Baden Cranes Pty Ltd v Smith; Brambles Australia Ltd v Smith (No 2)
[2013] NSWCA 218
•17 July 2013
Court of Appeal
Supreme Court
New South Wales
- Amendment notes
Medium Neutral Citation: Baden Cranes Pty Ltd v Smith; Brambles Australia Ltd v Smith (No 2) [2013] NSWCA 218 Hearing dates: On the papers Decision date: 17 July 2013 Before: Basten JA at [1];
Ward JA at [24];
Tobias AJA at [25]Decision: Substantive orders:
(1) Set aside orders made by Schmidt J on 9 December 2011, other than orders 4, 9 and 17 (relating to payment of the plaintiff's costs of the proceedings at trial).
(2) In place of those orders make the following orders, to take effect from 9 December 2011:
(A) Give judgment for the plaintiff:
(i) against the first defendant (Brambles) in an amount of $704,558;
(ii) judgment for the plaintiff against the second defendant (Baden) in the sum of $704,558;
(iii) judgment for the plaintiff against the third defendant (Gillespies) in the amount of $520,786.
(B) Give judgment for the first defendant (Brambles) -
(a) on the first cross-claim, against the second defendant (Baden) in an amount of $281,823, and
(b) on the third cross-claim, against the third defendant (Gillespies) in the sum of $208,314.
(C) Give judgment in favour of the second defendant (Baden) -
(a) on the second cross-claim, against the first defendant (Brambles) in an amount of $140,911, and
(b) on the fifth cross-claim, against the third defendant (Gillespies) in an amount of $208,314.
(D) Give judgment for the third defendant (Gillespies) on the fourth cross-claim -
(a) against the first defendant (Brambles) in an amount of $104,157, and
(b) against the second defendant (Baden) in an amount of $208,314.
(3) The total liability of Brambles under the second and fourth cross-claims is not to exceed $140,911.

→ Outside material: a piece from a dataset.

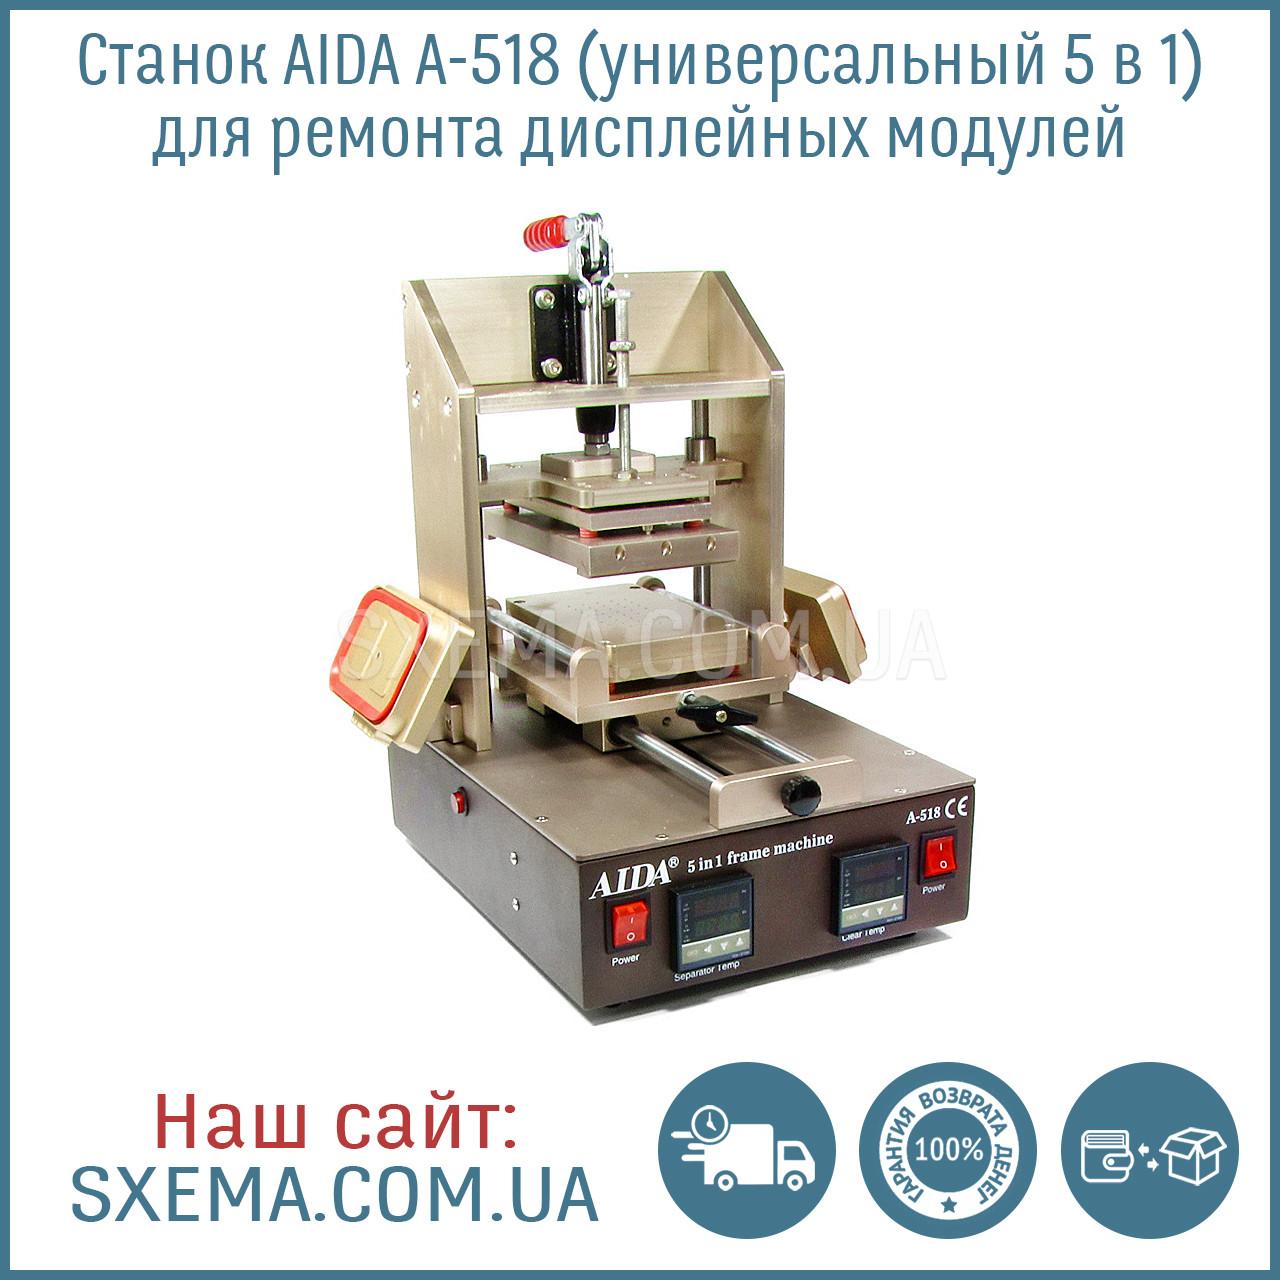 Станок AIDA A-518 (универсальный 5 в 1) для ремонта дисплейных модулей

(4) The total liability of Baden under the first and fourth cross-claims is not to exceed $281,823.
(5) The total liability of Gillespies under the third and fifth cross-claims is not to exceed $208,314.

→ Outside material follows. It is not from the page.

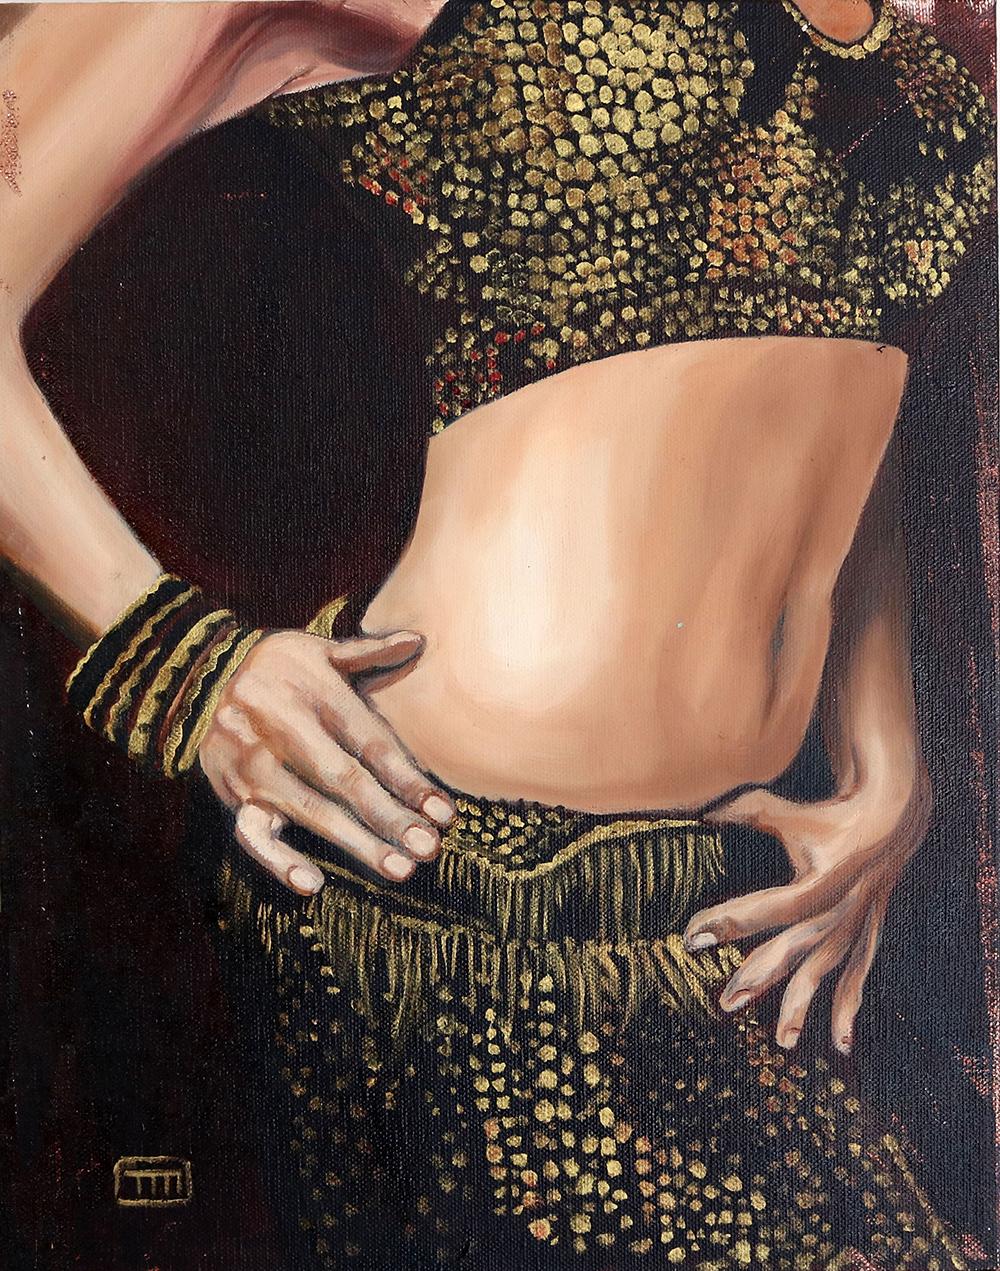 20496926-Machmali, Belly Dancer, oil on canvas, 11x14, 2006, 400.jpg

(6) Pursuant to s 151A(1)(b) of the Workers Compensation Act 1987, an amount of $194,245 is to be deducted from the damages payable by Gillespies to the plaintiff and is to be paid to the third defendant's workers' compensation insurer, Gallagher Bassett Services Pty Ltd.

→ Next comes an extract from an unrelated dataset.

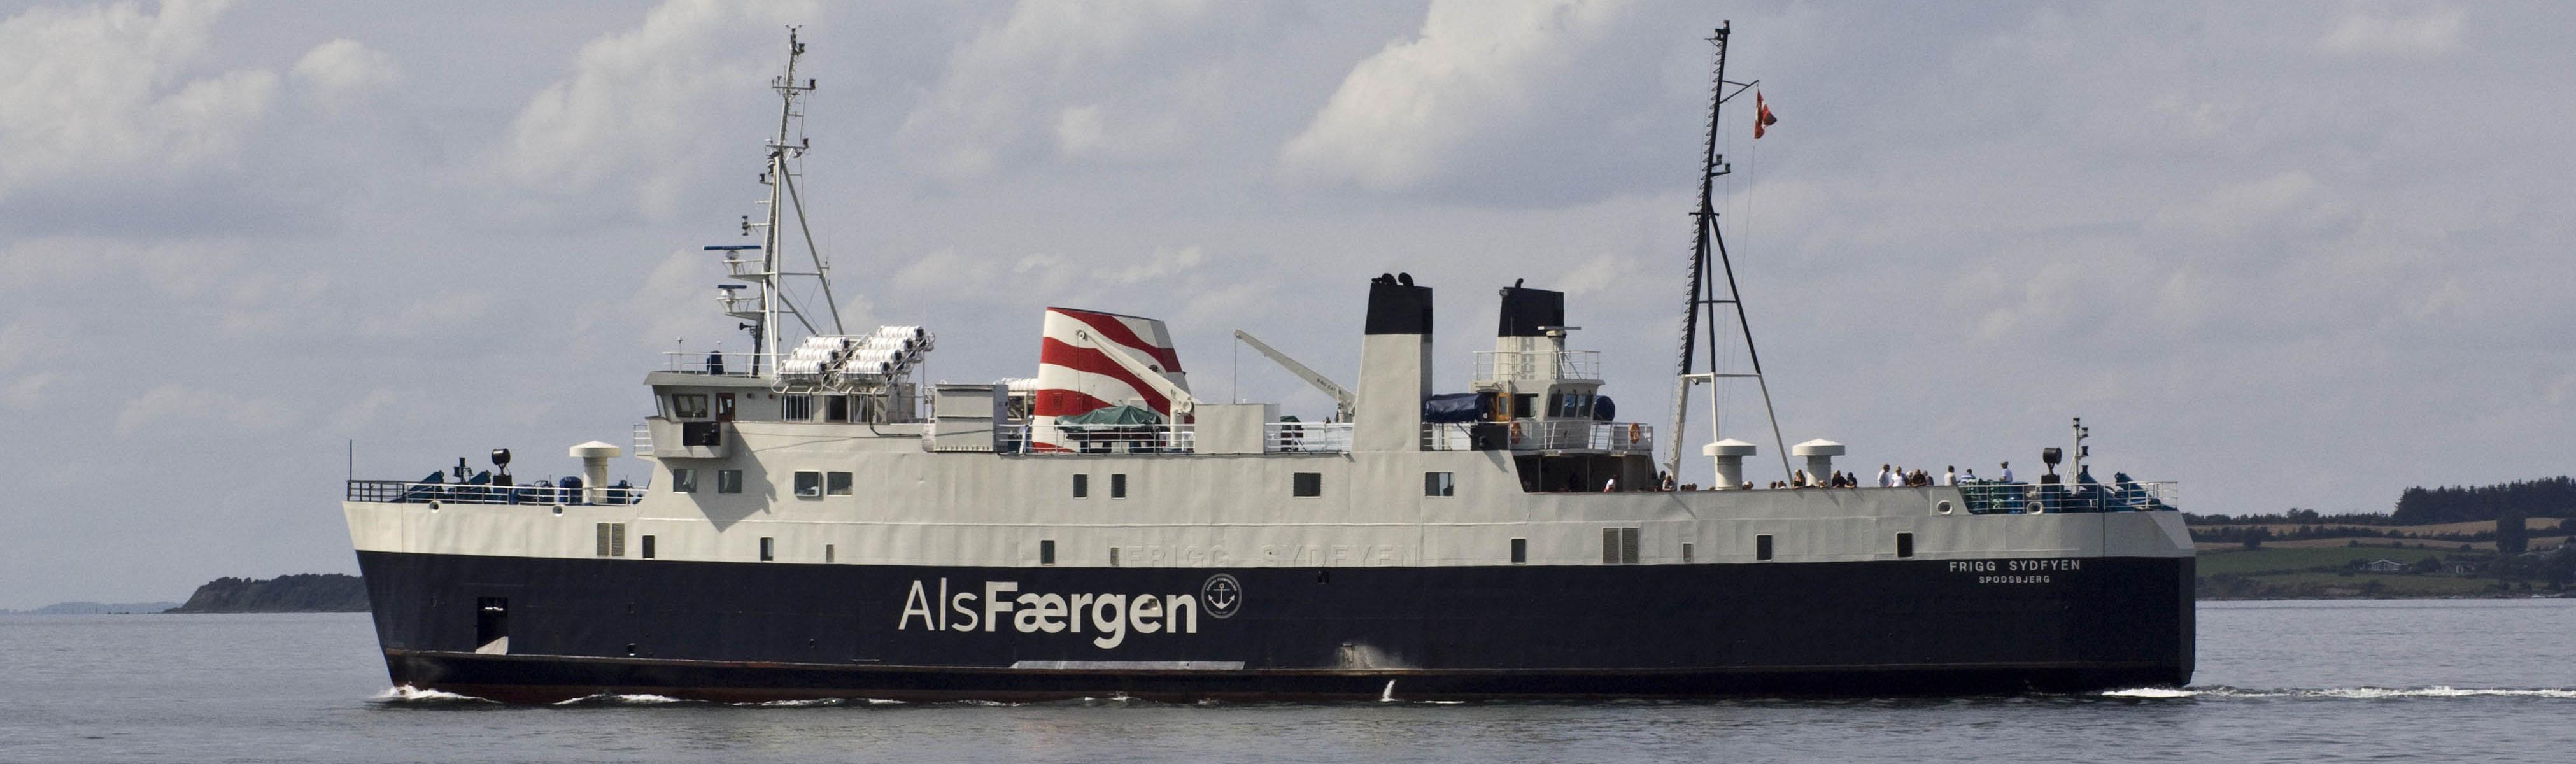 Frigg Sydfyen ved Bøjden Havn på vej mod Fynshav

Costs orders with respect to the appeals:
(1) Baden and Brambles are to pay the costs of the plaintiff in this Court, which should be borne as between them in equal shares.
(2) No order as to the costs of the appeals as between Baden and Brambles.
(3) Baden is to pay Gillespies' costs of Baden's appeal, to be assessed as 50% of Gillespies' total costs of the proceedings in this Court.
(4) Brambles is to pay 75% of Gillespies' costs of Brambles' appeal, to be assessed as 37.5% of Gillespies' total costs of the proceedings in this Court.
[Note: The Uniform Civil Procedure Rules 2005 provide (Rule 36.11) that unless the Court otherwise orders, a judgment or order is taken to be entered when it is recorded in the Court's computerised court record system. Setting aside and variation of judgments or orders is dealt with by Rules 36.15, 36.16, 36.17 and 36.18. Parties should in particular note the time limit of fourteen days in Rule 36.16.]
Catchwords: COSTS - appeal costs - plaintiff successful on all issues as to liability - liability substance of the appeal - one appellant partly successful in reapportioning liability - apportionment small part of argument in appellate court - appropriate costs order
DAMAGES - torts - negligence - liability for payment of workers' compensation - unsuccessful appeals against liability - liability reapportioned between three defendants on appeal - recalculation of damages - no point of principleLegislation Cited: Workers Compensation Act 1987 (NSW), ss 151A, 151Z Cases Cited: Baden Cranes Pty Ltd v Smith; Brambles Australia Ltd v Smith [2013] NSWCA 136 Category: Procedural and other rulings Parties: 2006/267240:
Baden Cranes Pty Ltd (Appellant)
Craig Lionel Smith (First Respondent)
Brambles Australia Ltd (Second Respondent)
Gillespies Cranes Nominees Pty Ltd (Third Respondent)2012/8069:
Brambles Australia Ltd (Appellant)
Craig Lionel Smith (First Respondent)
Baden Cranes Pty Ltd (Second Respondent)
Gillespies Cranes Nominees Pty Ltd (Third Respondent)Representation: Counsel:
D Macfarlane (Baden Cranes)
Riley, Gray-Spencer Lawyers (Baden Cranes)
S M Kettle (Gillespies Cranes)
Solicitors:
McCabe Terrill Lawyers (Brambles Australia)
Taylor & Scott Lawyers (Craig Lionel Smith)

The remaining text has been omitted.